A Cosmic Variance Cookbook

TL;DR

This paper provides tools and models to estimate cosmic variance in small-area high-redshift galaxy surveys, aiding in experiment design and data interpretation by quantifying uncertainties due to large-scale structure fluctuations.

Contribution

It introduces a practical recipe and software for calculating cosmic variance based on survey geometry, redshift, and galaxy stellar mass, incorporating galaxy bias predictions.

Findings

Cosmic variance can reach ~38% for massive galaxies in small fields at z=2.

Larger survey fields significantly reduce cosmic variance.

The provided tools enable more accurate uncertainty estimates in high-redshift galaxy studies.

Abstract

Deep pencil beam surveys (<1 deg^2) are of fundamental importance for studying the high-redshift universe. However, inferences about galaxy population properties are in practice limited by 'cosmic variance'. This is the uncertainty in observational estimates of the number density of galaxies arising from the underlying large-scale density fluctuations. This source of uncertainty can be significant, especially for surveys which cover only small areas and for massive high-redshift galaxies. Cosmic variance for a given galaxy population can be determined using predictions from cold dark matter theory and the galaxy bias. In this paper we provide tools for experiment design and interpretation. For a given survey geometry we present the cosmic variance of dark matter as a function of mean redshift z and redshift bin size Dz. Using a halo occupation model to predict galaxy clustering, we derive the galaxy bias as a function of mean redshift for galaxy samples of a given stellar mass range. In the linear regime, the cosmic variance of these galaxy samples is the product of the galaxy bias and the dark matter cosmic variance. We present a simple recipe using a fitting function to compute cosmic variance as a function of the angular dimensions of the field, z, Dz and stellar mass m*. We also provide tabulated values and a software tool.
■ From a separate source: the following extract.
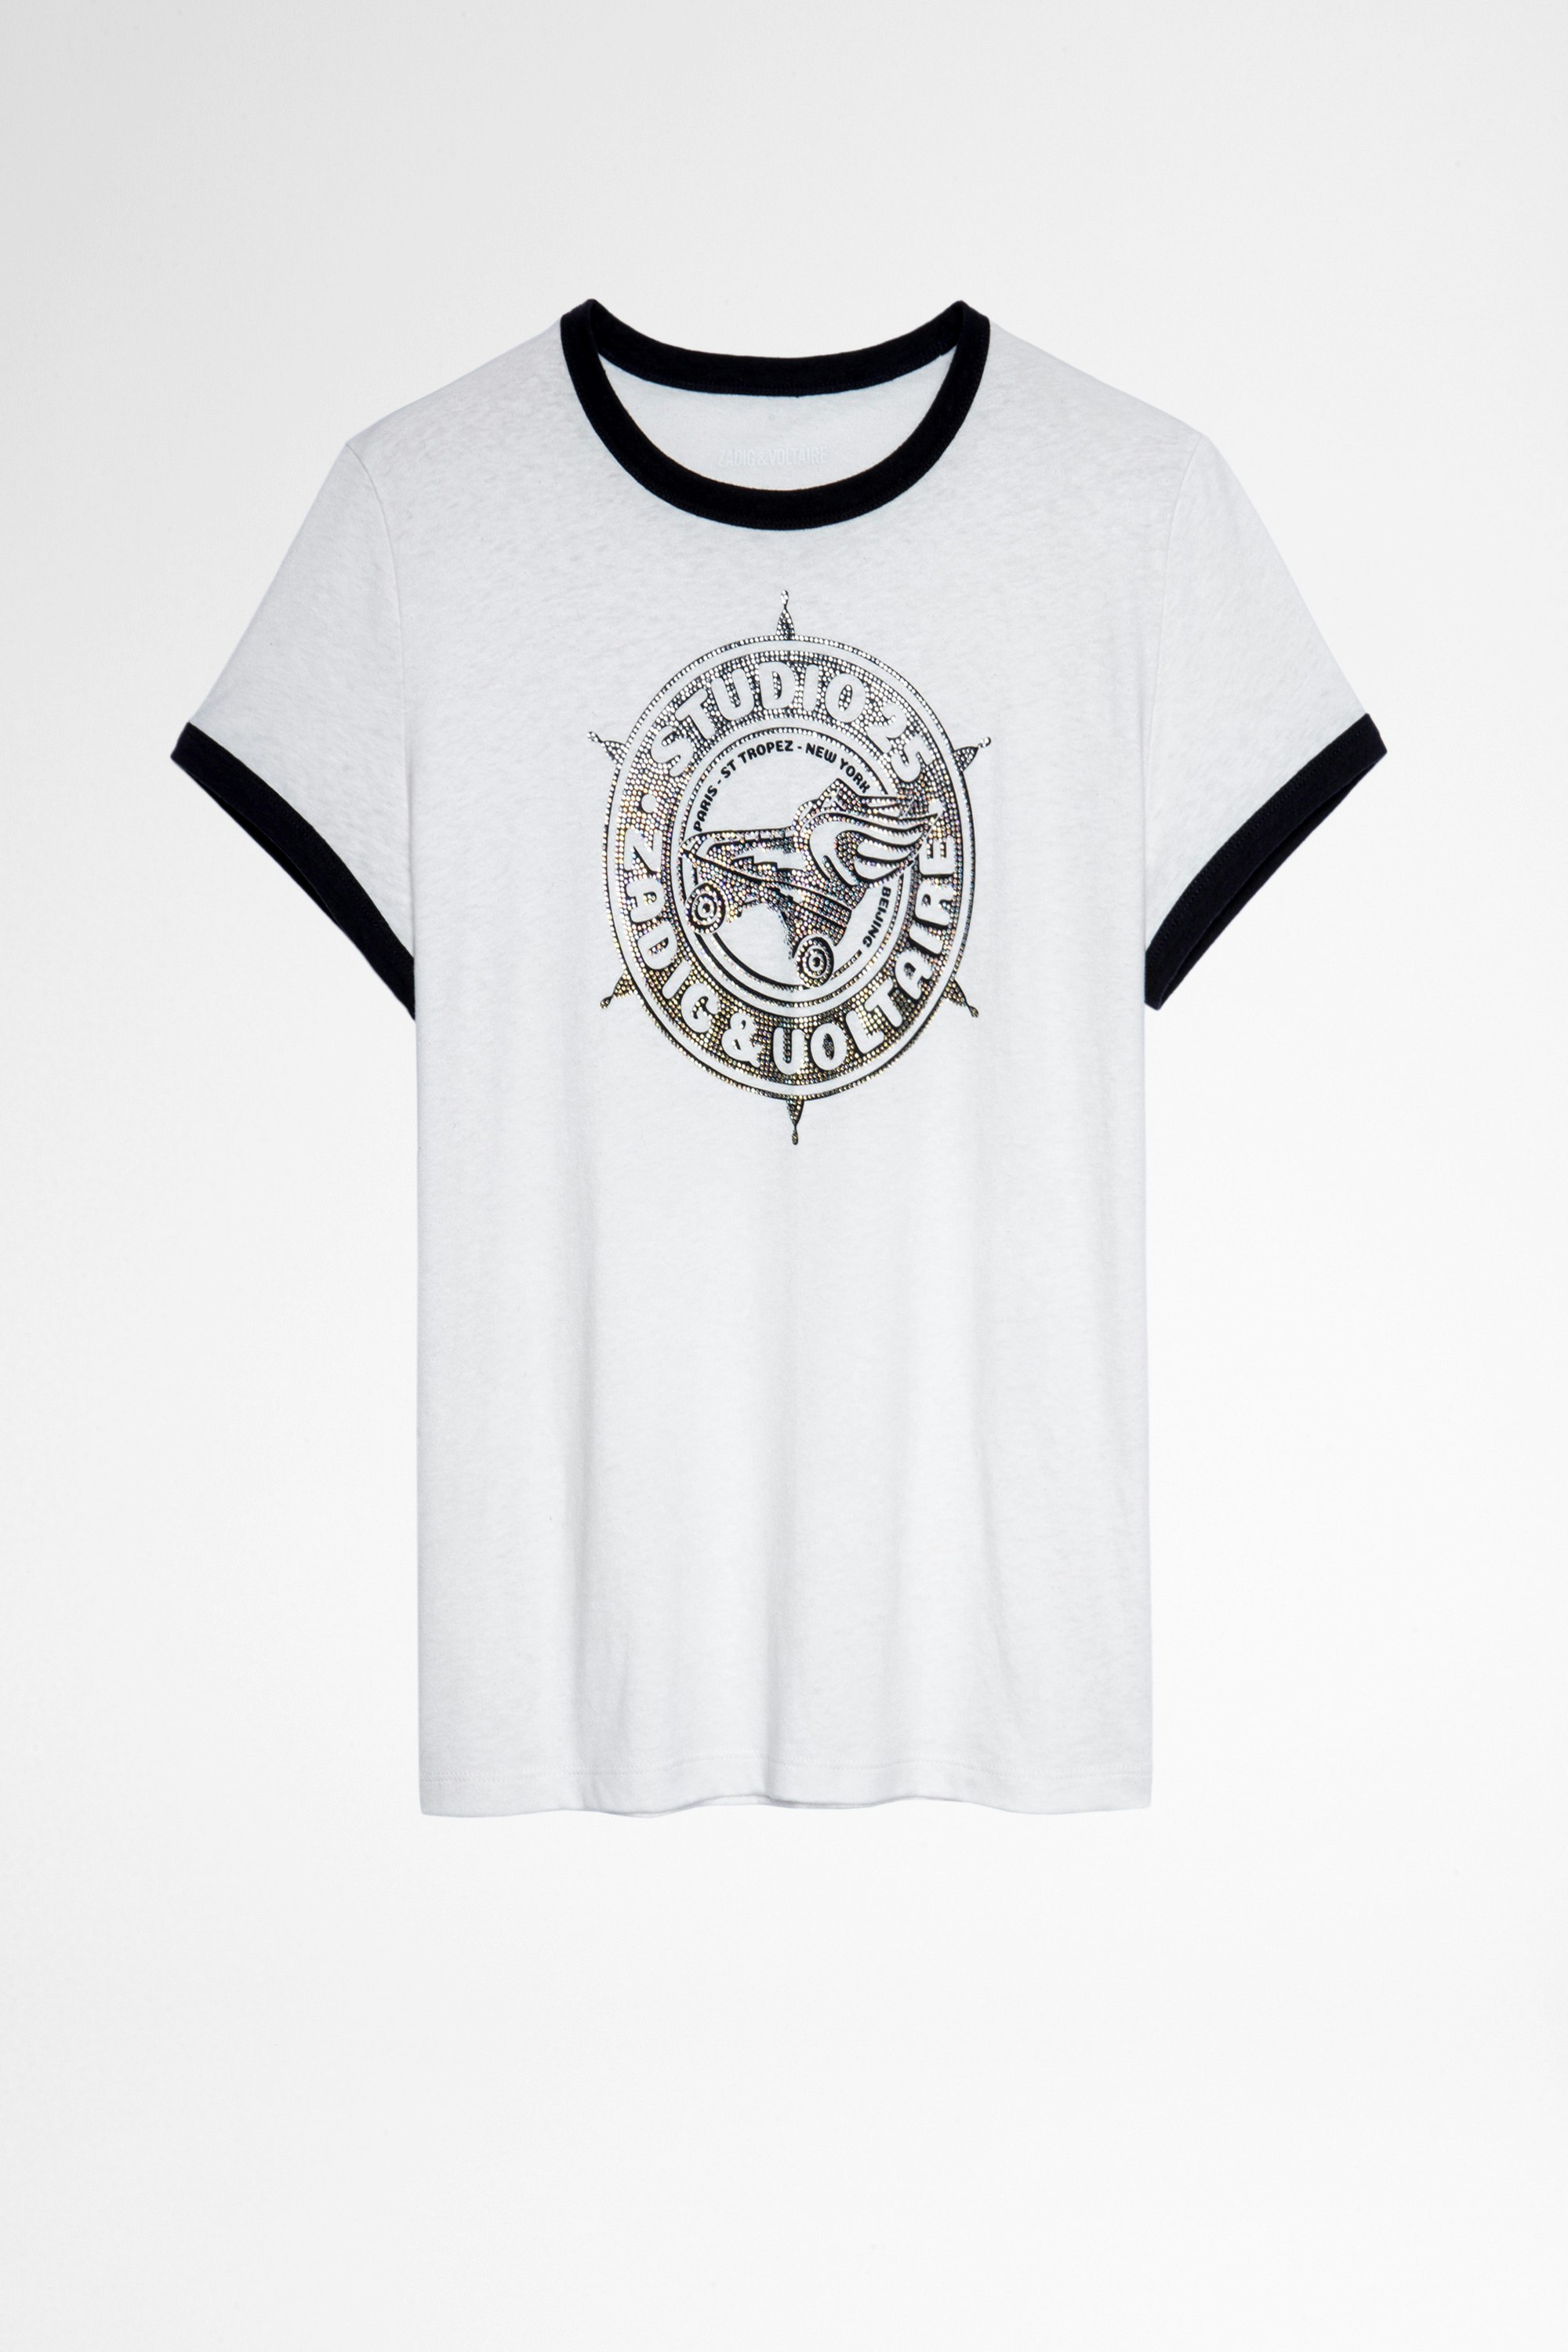 T-Shirt Zoe Studio Strass T-shirt en coton vert imprimé studio 25 recouvert de cristaux Femme

We find that for GOODS at z=2 and with Dz=0.5 the relative cosmic variance of galaxies with m*>10^11 Msun is ~38%, while it is ~27% for GEMS and ~12% for COSMOS. For galaxies of m*~10^10 Msun the relative cosmic variance is ~19% for GOODS, ~13% for GEMS and ~6% for COSMOS. This implies that cosmic variance is a significant source of uncertainty at z=2 for small fields and massive galaxies, while for larger fields and intermediate mass galaxies cosmic variance is less serious.